PagerDuty: You Have The Power - mamatta
http://blog.pagerduty.com/2012/09/you-have-the-power/

======
shaggy
PagerDuty is a fantastic service. The flexibility in scheduling on-call
rotations (they added a custom schedule for my team at my last company), the
support for integrating with lots of different monitoring platforms and the
generally fantastic support make it well worth the monthly cost.

------
lanstein
At Loggly, we integrated our alerting app with PagerDuty, and open-sourced the
whole thing if anyone is interested:

<https://github.com/loggly/alertbirds-community-edition>

------
ultrasaurus
We're lucky in that we have so many technically astute users, who've already
built cool stuff in spite of us. I'm excited to see what they'll do now.

------
Raphomet
Chiming in - PagerDuty has saved many butts at Airbnb, too. We love to hate
getting pages from you guys.

------
olidb2
Datadog hearts PagerDuty. We use it every day. And sometimes nights too...

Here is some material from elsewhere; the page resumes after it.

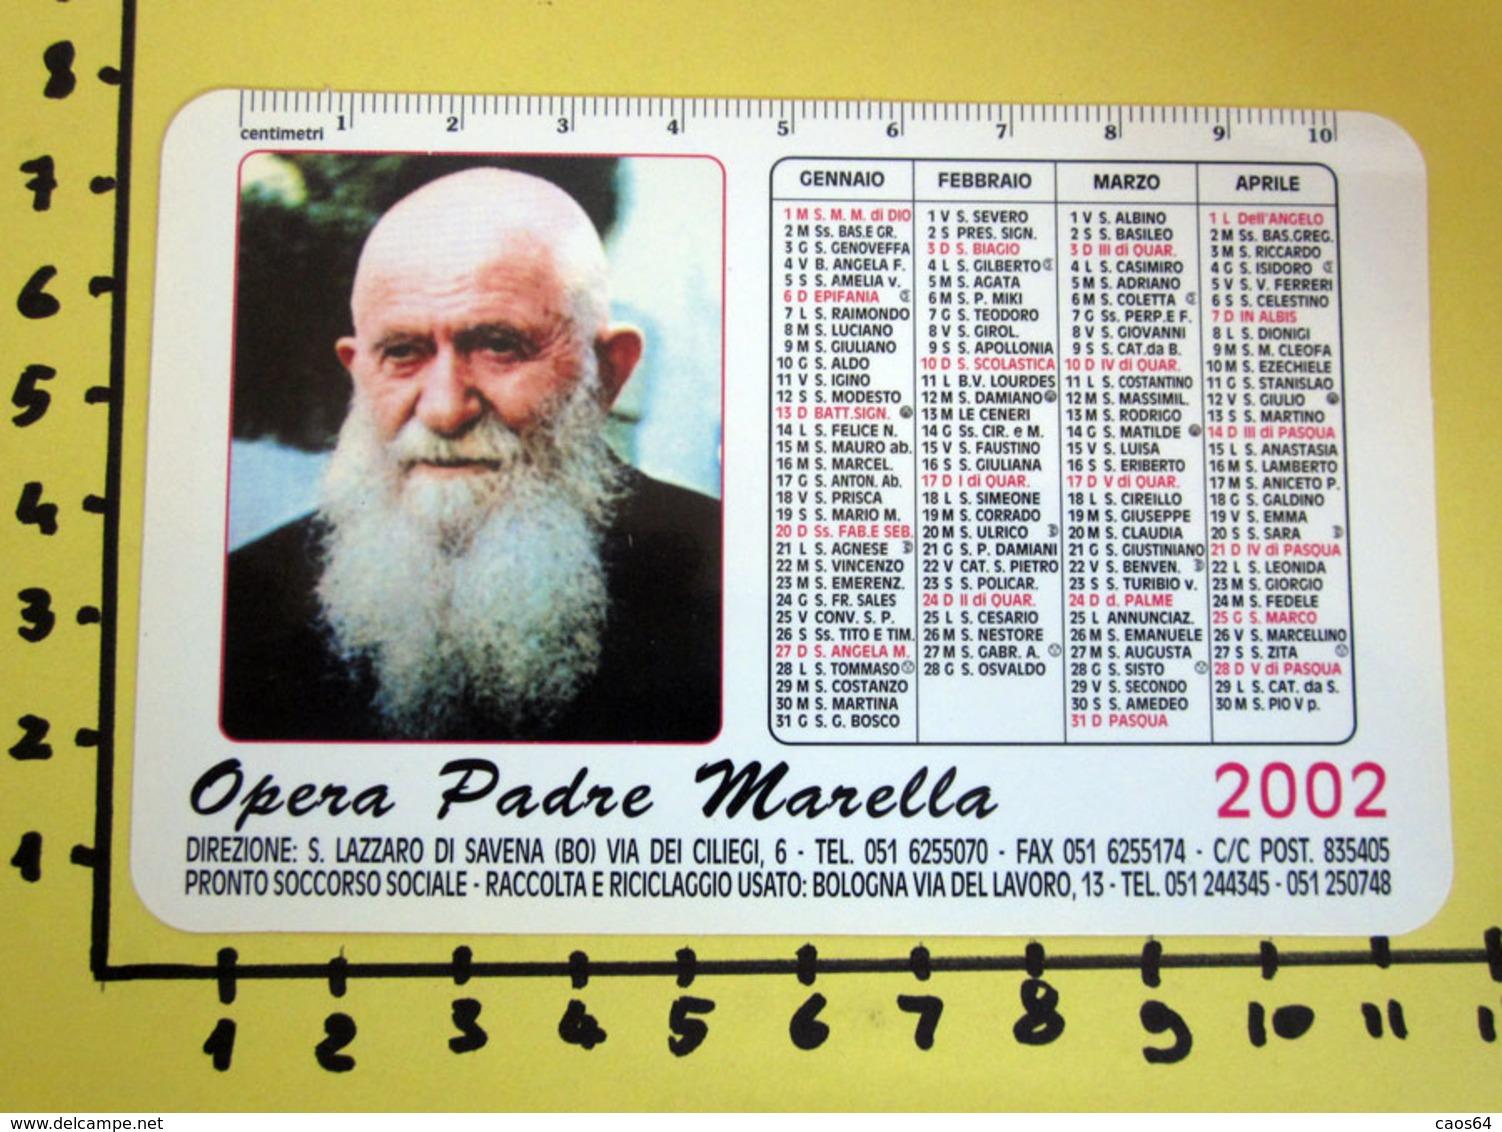 OPERA PADRE MARELLA 2002  CALENDARIO TASCABILE PLASTIFICATO - Big : 2001-...

And here's its awesome API in action in Datadog
-<http://www.datadoghq.com/2012/07/pagerduty/>

------
DanielRibeiro
TL;DR New Pagerduty API docs at: <http://developer.pagerduty.com/>

------
bradgessler
Is PagerDuty worth it for $18 per month? For a 5 person team its $1080 for an
entire year to do something that a small script + Google Calendar could take
care of. Maybe I'm missing something? I'd love to hear a story about how a
feature of PagerDuty saved somebody's butt.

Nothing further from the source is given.